XML in a Nutshell is a comprehensive guide to the rapidly growing world of XML. It covers all aspects of XML, from the most basic syntax rules, to the details of DTD and schema creation, to the APIs you can use to read and write XML documents in a variety of programming languages.
There are hundreds of formally established XML applications from the W3C and other standards bodies, such as OASIS and the Object Management Group. There are even more informal, unstandardized applications from individuals and corporations, such as Microsoft's Channel Definition Format and John Guajardo's Mind Reading Markup Language. This book cannot cover them all, any more than a book on Java could discuss every program that has ever been or might ever be written in Java. This book focuses primarily on XML itself. It covers the fundamental rules that all XML documents and authors must adhere to, whether a web designer uses SMIL to add animations to web pages or a C++ programmer uses SOAP to exchange serialized objects with a remote database.
This book also covers generic supporting technologies that have been layered on top of XML and are used across a wide range of XML applications. These technologies include:
An attribute-based syntax for hyperlinks between XML and non-XML documents that provide the simple, one-directional links familiar from HTML, multidirectional links between many documents, and links between documents to which you don't have write access.

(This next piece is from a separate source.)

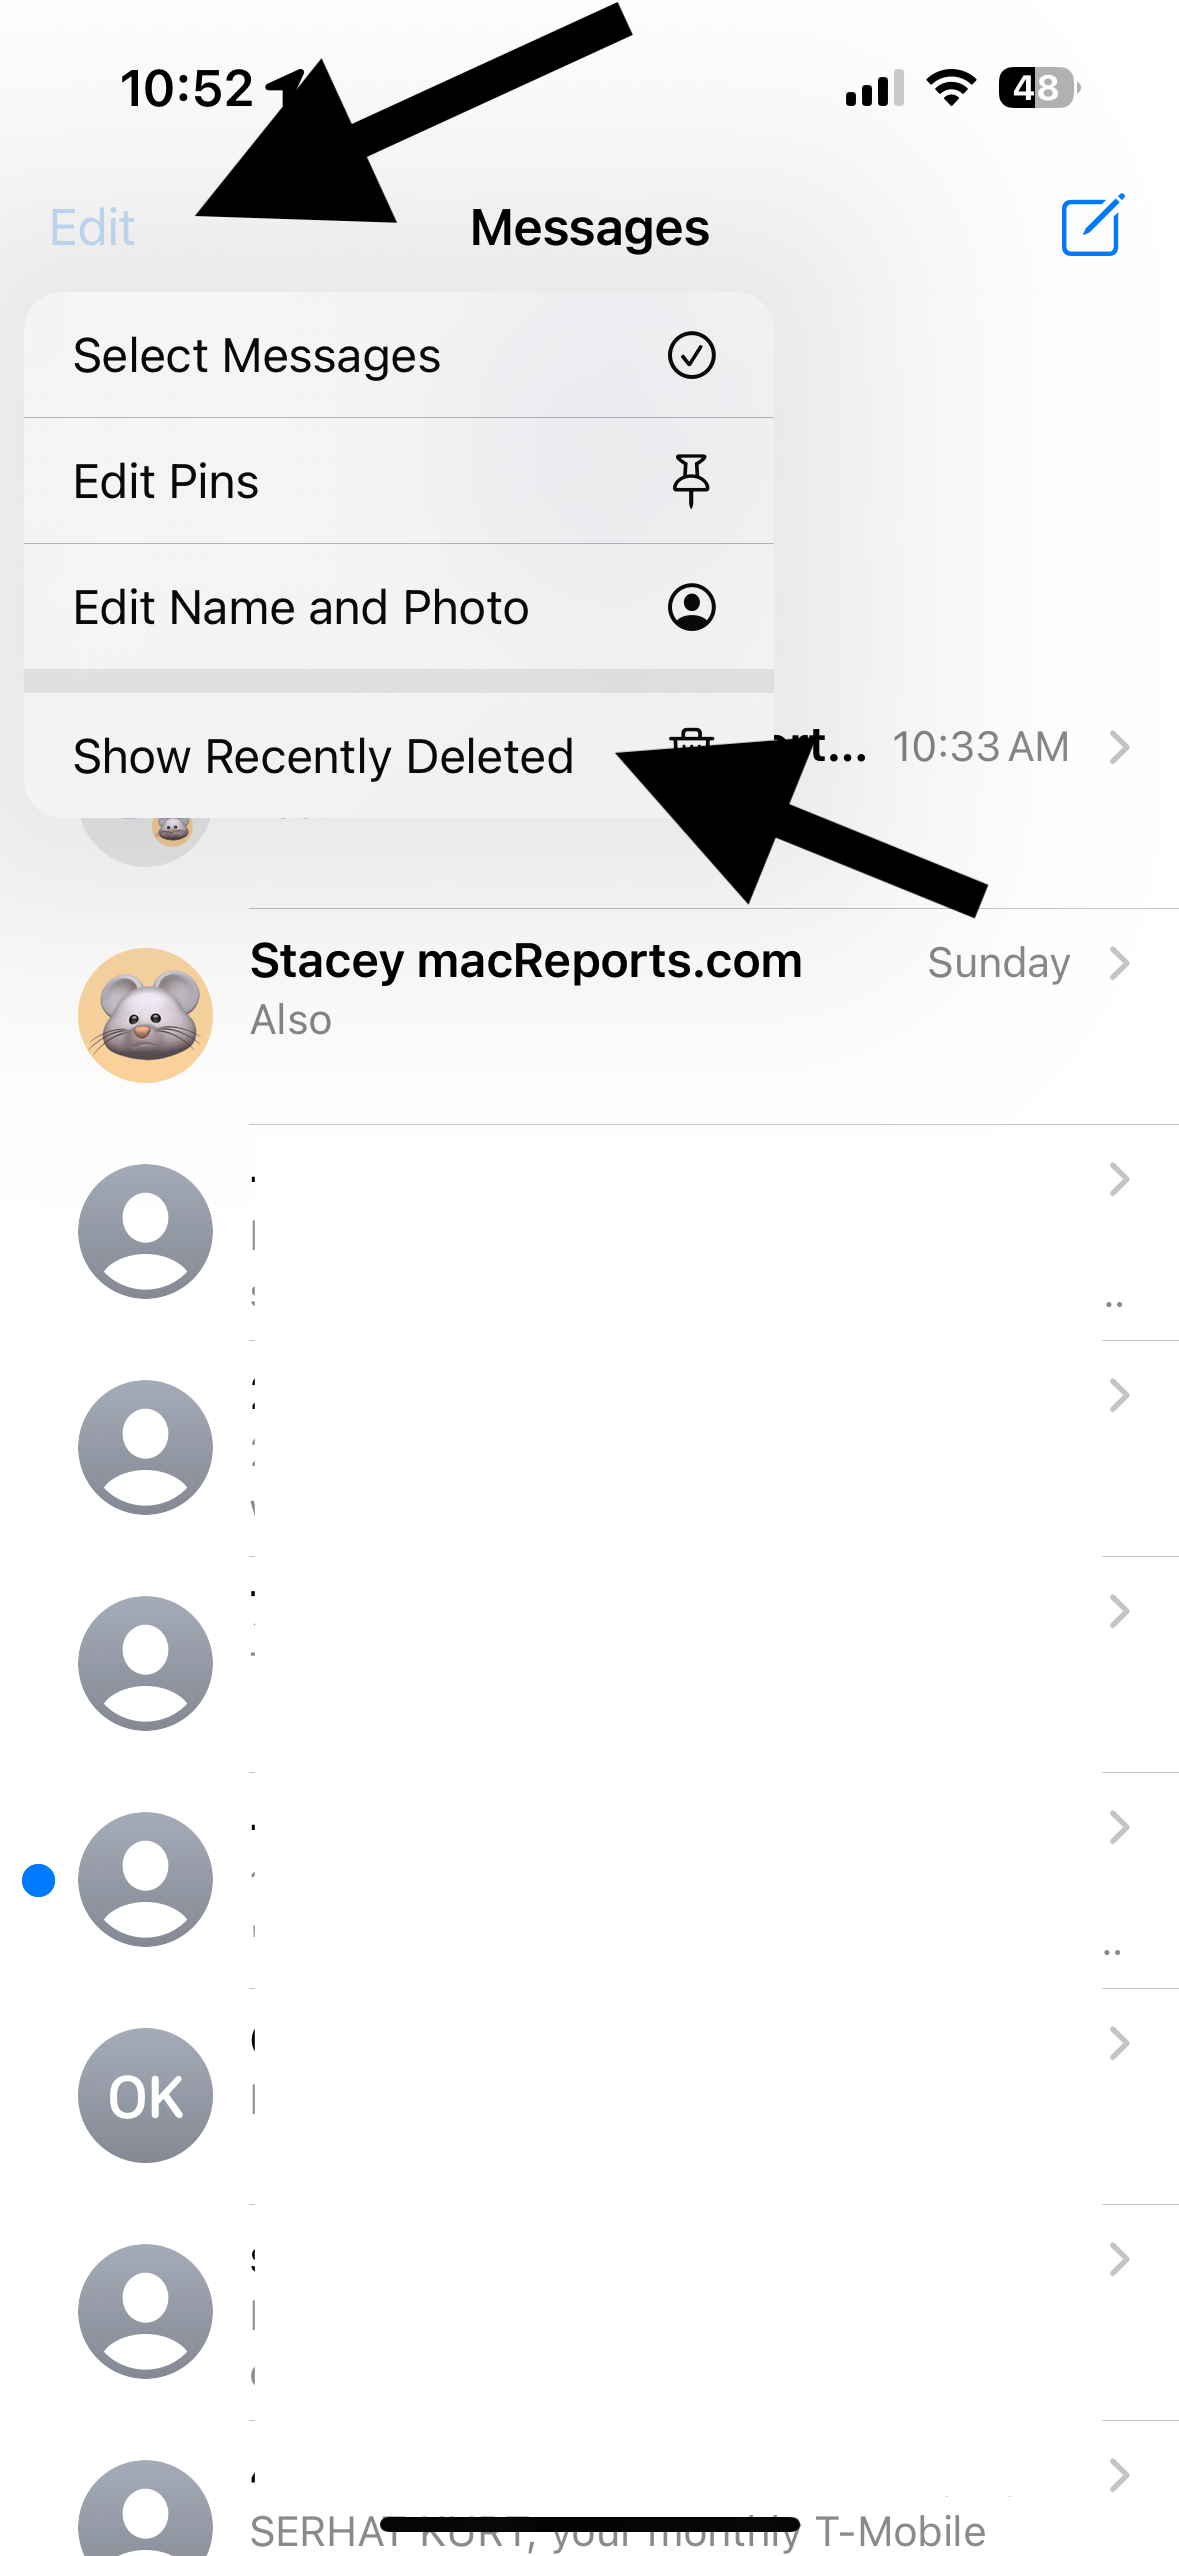 Edit and Show Recently Deleted button

An XML application that describes transformations from one document to another, in either the same or different XML vocabularies.
A syntax for URI fragment identifiers that selects particular parts of the XML document referred to by the URI often used in conjunction with an XLink.
A non-XML syntax used by both XPointer and XSLT for identifying particular pieces of XML documents. For example, an XPath can locate the third address element in the document, or all elements with an email attribute whose value is email@example.com.
A means of distinguishing between elements and attributes from different XML vocabularies that have the same name; for instance, the title of a book and the title of a web page in a web page about books.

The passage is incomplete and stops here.